ACTION ITEM: As soon as the line containing "Personnel Records of" appears in the material below, start returning lines exactly, and end with the line containing "An old toilet".

RECORDS PROVIDED:
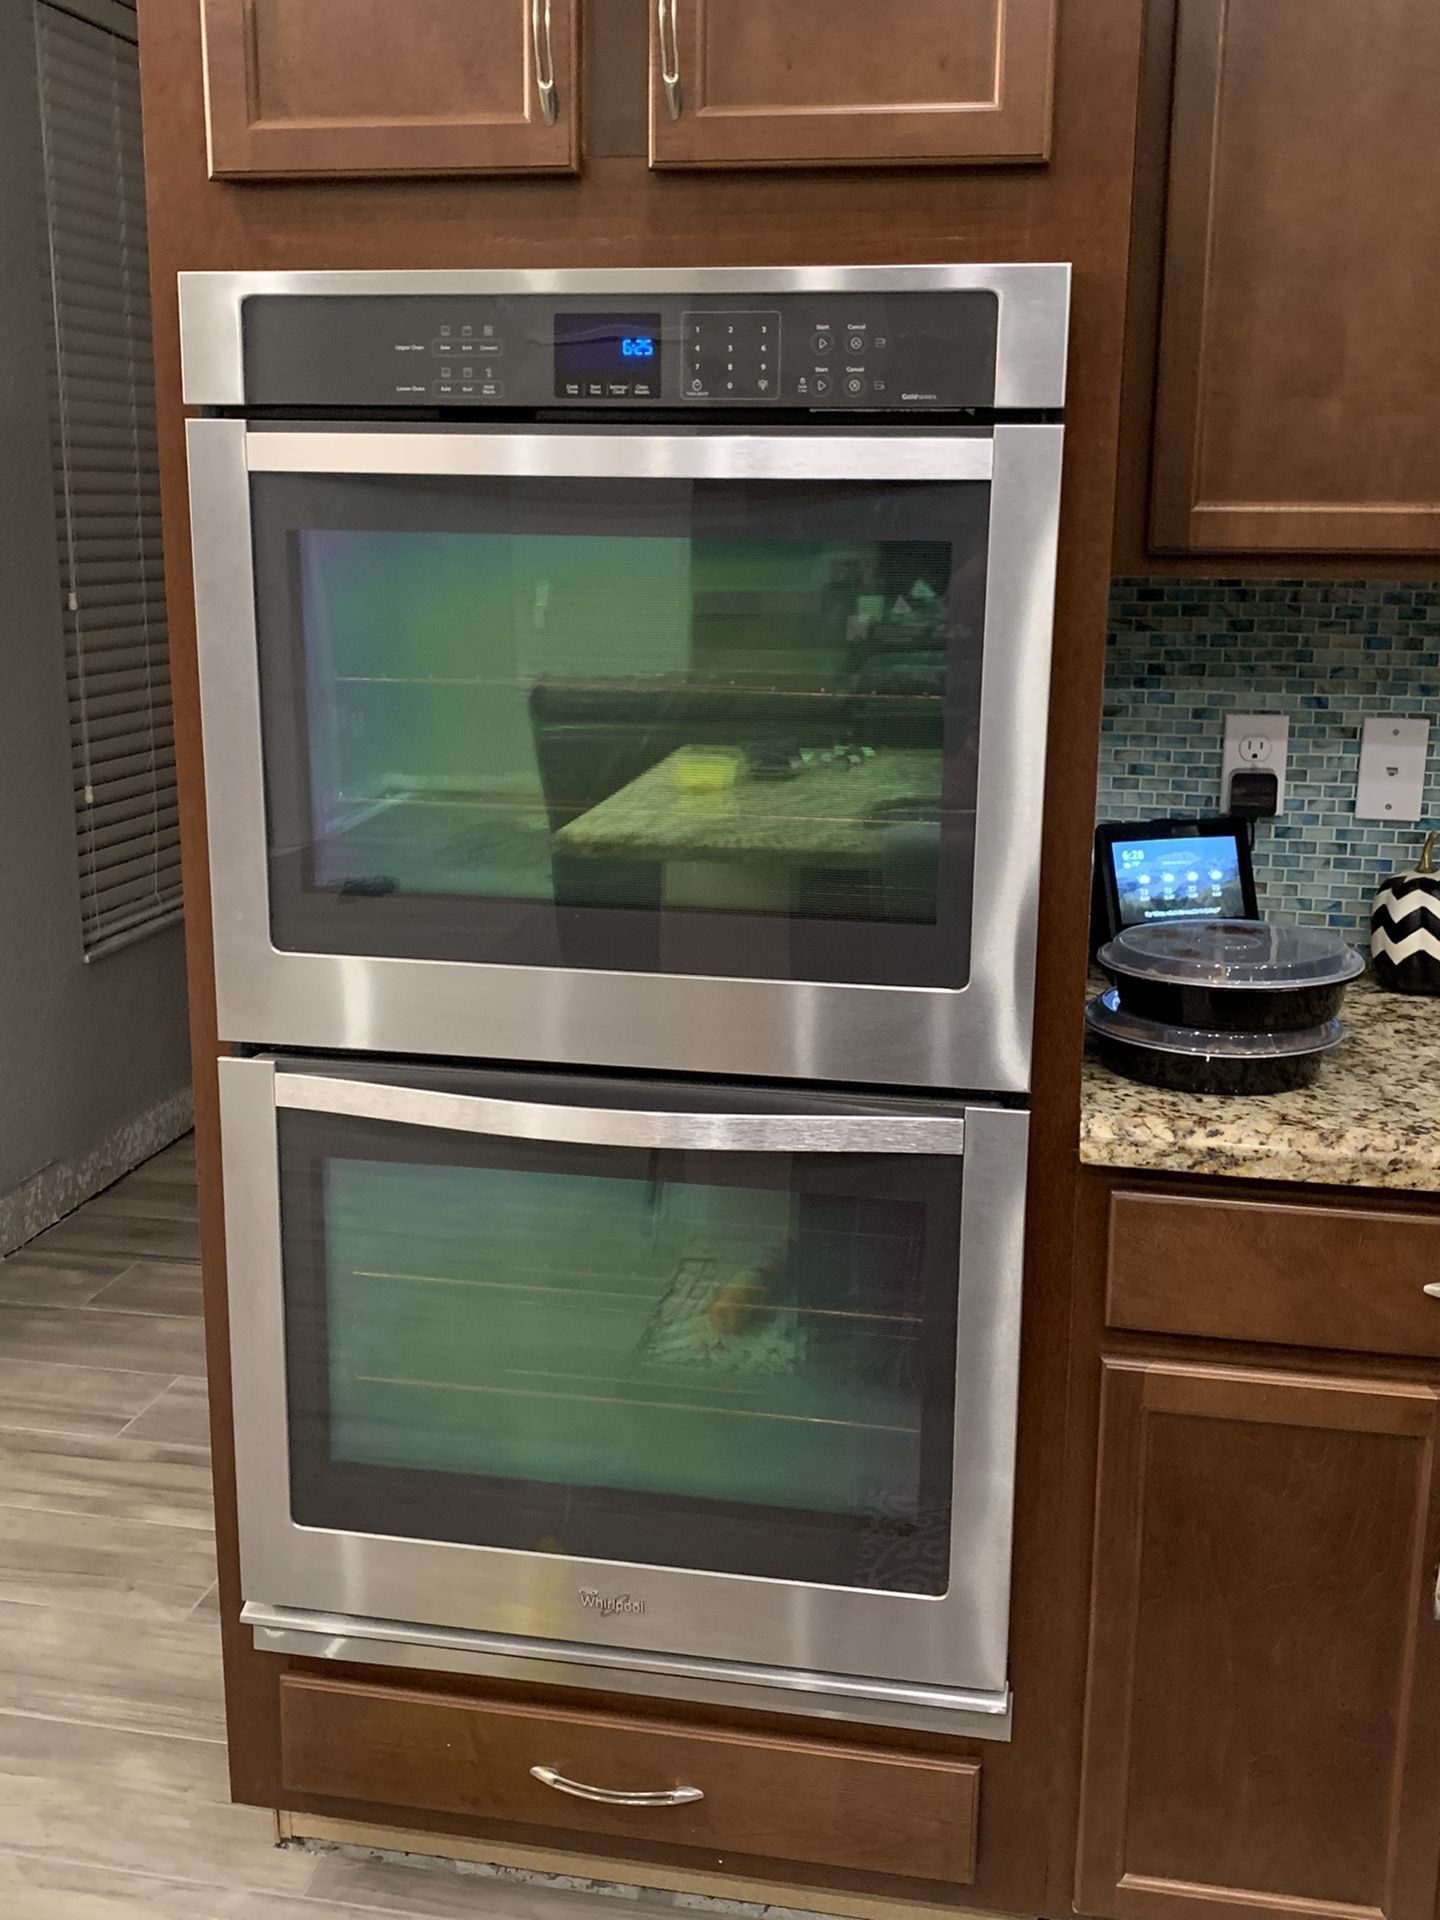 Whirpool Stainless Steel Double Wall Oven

---

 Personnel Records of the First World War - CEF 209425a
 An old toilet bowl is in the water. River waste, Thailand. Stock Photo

YOUR RESPONSE:
 Personnel Records of the First World War - CEF 209425a
 An old toilet bowl is in the water. River waste, Thailand. Stock Photo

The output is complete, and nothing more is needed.